Need for interpretability. Selected variables can be linked to specific chemical absorptions, making the model scientifically meaningful and easier to validate.

Computational constraints. Hyperspectral imaging, process monitoring at high frequency, and real-time applications benefit from smaller, faster models.

When to be cautious

Risk of discarding information. Aggressive variable selection may remove variables that carry subtle but real chemical information. Always validate on independent test data.
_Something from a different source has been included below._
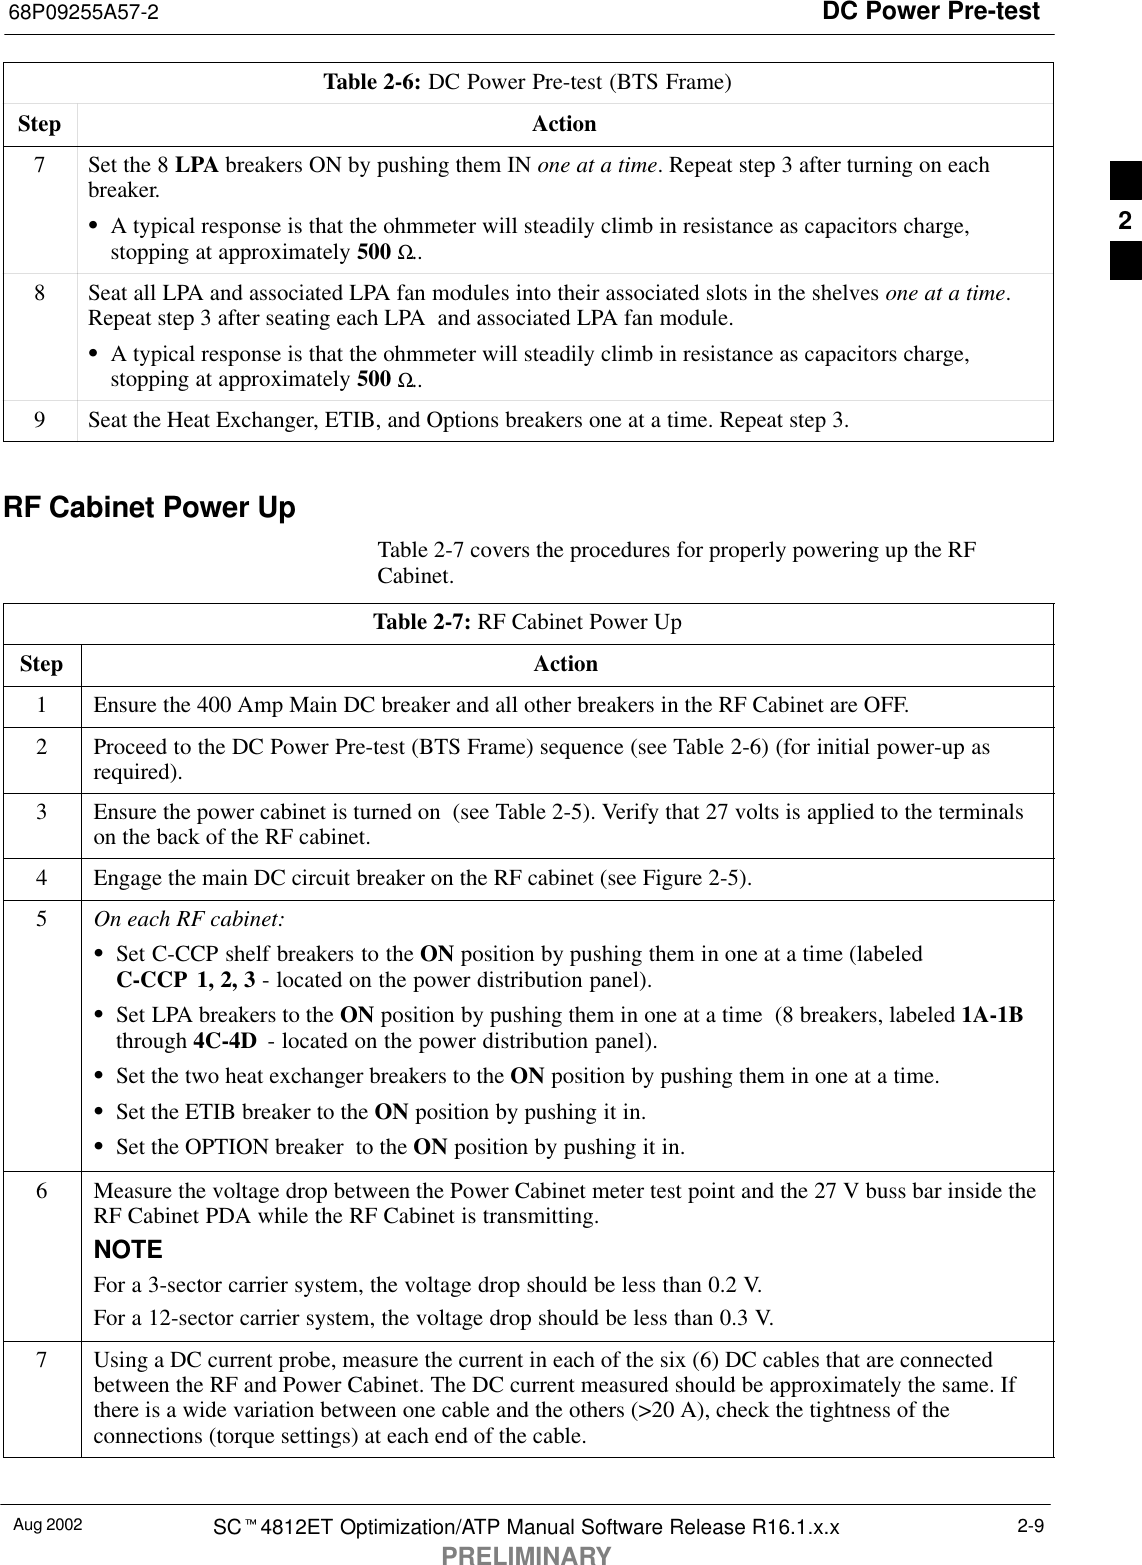 DC Power Pre-test68P09255A57-2Aug 2002 SCt4812ET Optimization/ATP Manual Software Release R16.1.x.xPRELIMINARY2-9Table 2-6: DC Power Pre-test (BTS Frame)Step Action7Set the 8 LPA breakers ON by pushing them IN one at a time. Repeat step 3 after turning on eachbreaker.SA typical response is that the ohmmeter will steadily climb in resistance as capacitors charge,stopping at approximately 500 Ω..8Seat all LPA and associated LPA fan modules into their associated slots in the shelves one at a time.Repeat step 3 after seating each LPA  and associated LPA fan module.SA typical response is that the ohmmeter will steadily climb in resistance as capacitors charge,stopping at approximately 500 Ω..9Seat the Heat Exchanger, ETIB, and Options breakers one at a time. Repeat step 3. RF Cabinet Power UpTable 2-7 covers the procedures for properly powering up the RFCabinet.Table 2-7: RF Cabinet Power UpStep Action1Ensure the 400 Amp Main DC breaker and all other breakers in the RF Cabinet are OFF.2Proceed to the DC Power Pre-test (BTS Frame) sequence (see Table 2-6) (for initial power-up asrequired).3Ensure the power cabinet is turned on  (see Table 2-5). Verify that 27 volts is applied to the terminalson the back of the RF cabinet.4Engage the main DC circuit breaker on the RF cabinet (see Figure 2-5).5On each RF cabinet:SSet C-CCP shelf breakers to the ON position by pushing them in one at a time (labeledC-CCP 1, 2, 3 - located on the power distribution panel).SSet LPA breakers to the ON position by pushing them in one at a time  (8 breakers, labeled 1A-1Bthrough 4C-4D  - located on the power distribution panel).SSet the two heat exchanger breakers to the ON position by pushing them in one at a time.SSet the ETIB breaker to the ON position by pushing it in.SSet the OPTION breaker  to the ON position by pushing it in.6Measure the voltage drop between the Power Cabinet meter test point and the 27 V buss bar inside theRF Cabinet PDA while the RF Cabinet is transmitting.NOTEFor a 3-sector carrier system, the voltage drop should be less than 0.2 V.For a 12-sector carrier system, the voltage drop should be less than 0.3 V.7Using a DC current probe, measure the current in each of the six (6) DC cables that are connectedbetween the RF and Power Cabinet. The DC current measured should be approximately the same. Ifthere is a wide variation between one cable and the others (&gt;20 A), check the tightness of theconnections (torque settings) at each end of the cable. 2

Overfitting the selection. If variable selection is optimized on the same data used for model calibration (without proper cross-validation), the selected variables overfit the training data. Use double cross-validation: an outer loop for model assessment and an inner loop for variable selection.
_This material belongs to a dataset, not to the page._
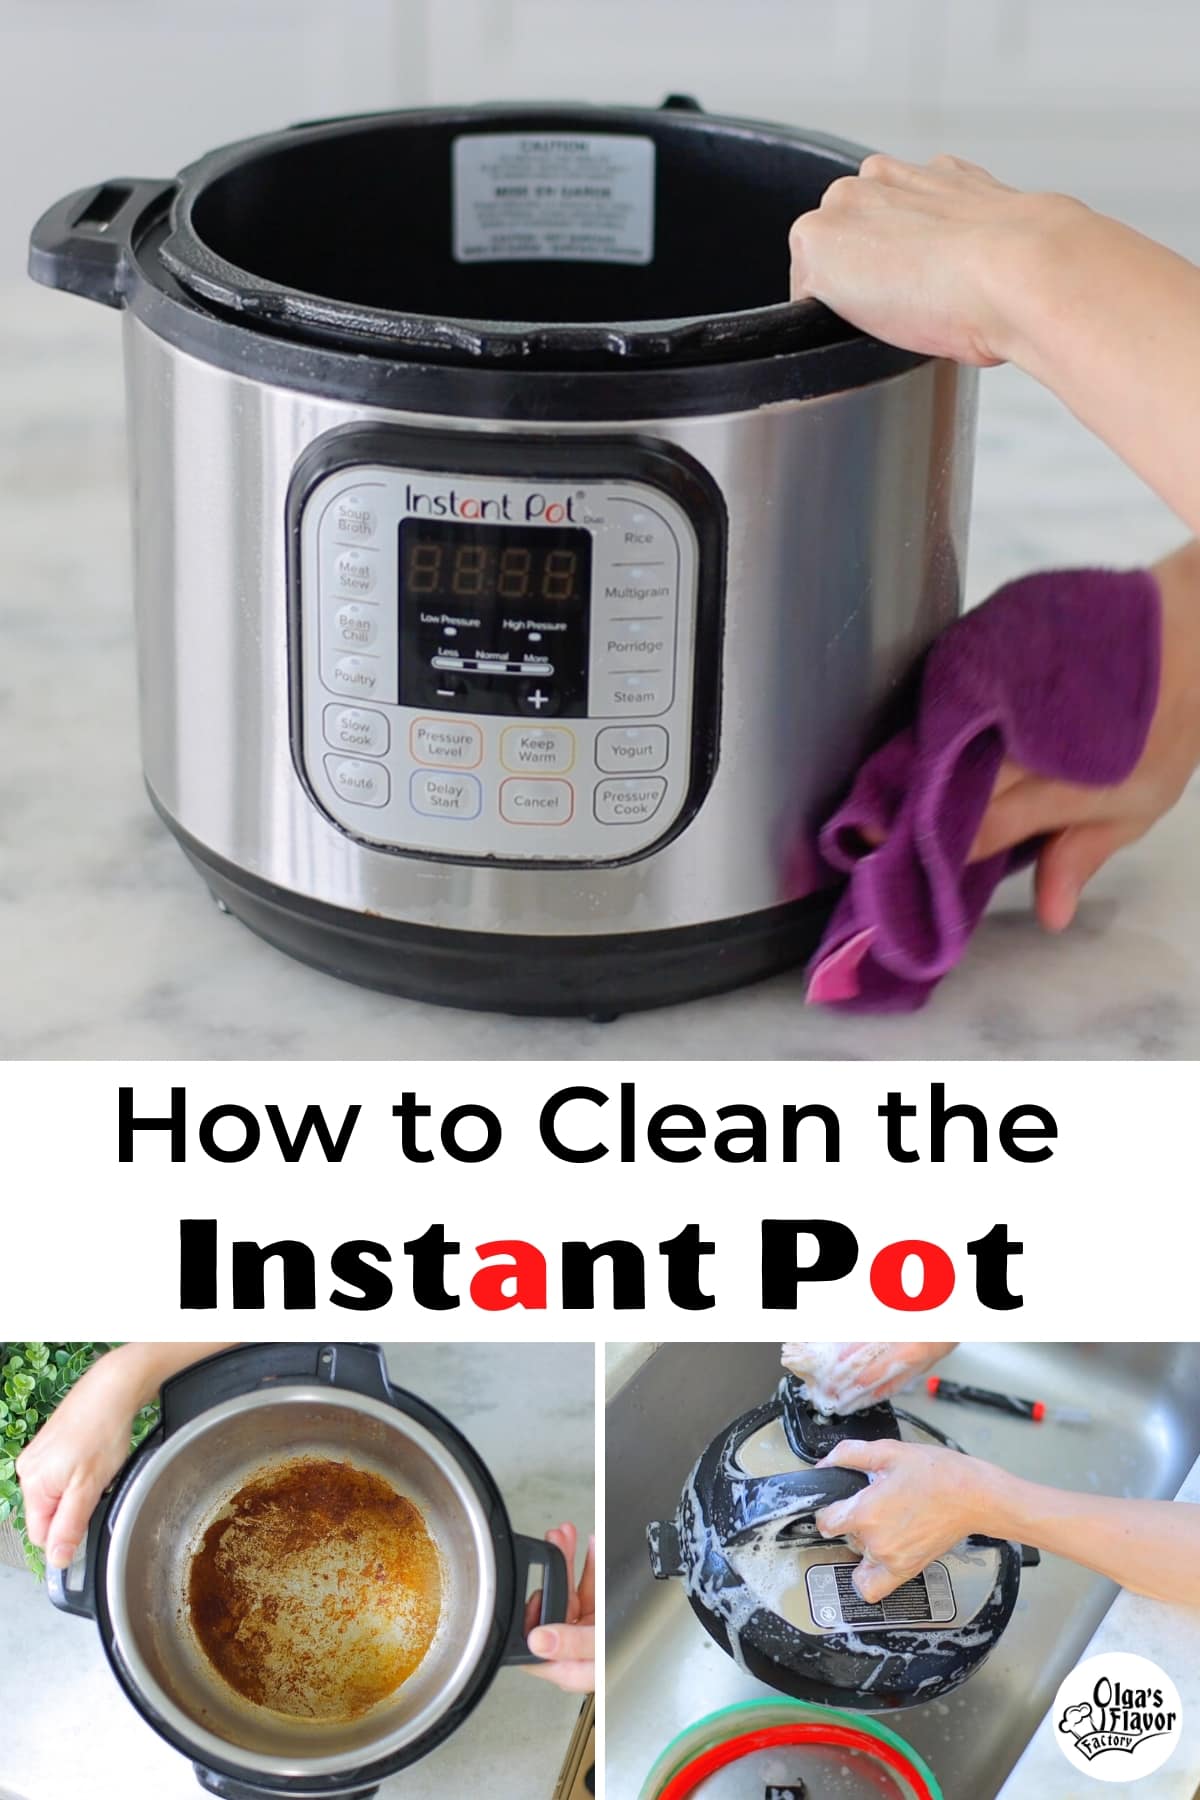 https://www.olgasflavorfactory.com/wp-content/uploads/2023/04/How-To-Clean-the-Instant-Pot-copy.jpg

PLS already reduces dimensions. PLS extracts a small number of latent variables from many original variables. For well-conditioned datasets, PLS on the full spectrum may already give excellent results, and variable selection adds complexity without benefit.

Loss of transferability. A model based on selected variables may be more sensitive to instrument drift or sample matrix changes than a full-spectrum model, because it relies on fewer data points to anchor the prediction.

References

[1] Shannon, C. E. (1948). A mathematical theory of communication. Bell System Technical Journal, 27(3), 379-423.

[2] Norgaard, L., Saudland, A., Wagner, J., Nielsen, J. P., Munck, L., & Engelsen, S. B. (2000). Interval partial least-squares regression (iPLS): A comparative chemometric study with an example from near-infrared spectroscopy. Applied Spectroscopy, 54(3), 413-419.

[3] Centner, V., Massart, D. L., de Noord, O. E., de Jong, S., Vandeginste, B. M., & Sterna, C. (1996). Elimination of uninformative variables for multivariate calibration. Analytical Chemistry, 68(21), 3851-3858.

[4] Chong, I.-G., & Jun, C.-H. (2005). Performance of some variable selection methods when multicollinearity is present. Chemometrics and Intelligent Laboratory Systems, 78(1-2), 103-112.

[5] Wold, S., Johansson, E., & Cocchi, M. (1993). PLS — Partial least squares projections to latent structures. In H. Kubinyi (Ed.), 3D QSAR in Drug Design: Theory, Methods and Applications (pp. 523-550). ESCOM.

[6] Li, H., Liang, Y., Xu, Q., & Cao, D. (2009). Key wavelengths screening using competitive adaptive reweighted sampling method for multivariate calibration. Analytica Chimica Acta, 648(1), 77-84.

[7] Bellman, R. (1961). Adaptive Control Processes: A Guided Tour. Princeton University Press.

[8] Mehmood, T., Liland, K. H., Snipen, L., & Saebo, S. (2012). A review of variable selection methods in partial least squares regression. Chemometrics and Intelligent Laboratory Systems, 118, 62-69.

[9] Rinnan, A., van den Berg, F., & Engelsen, S. B. (2009). Review of the most common pre-processing techniques for near-infrared spectra. TrAC Trends in Analytical Chemistry, 28(10), 1201-1222.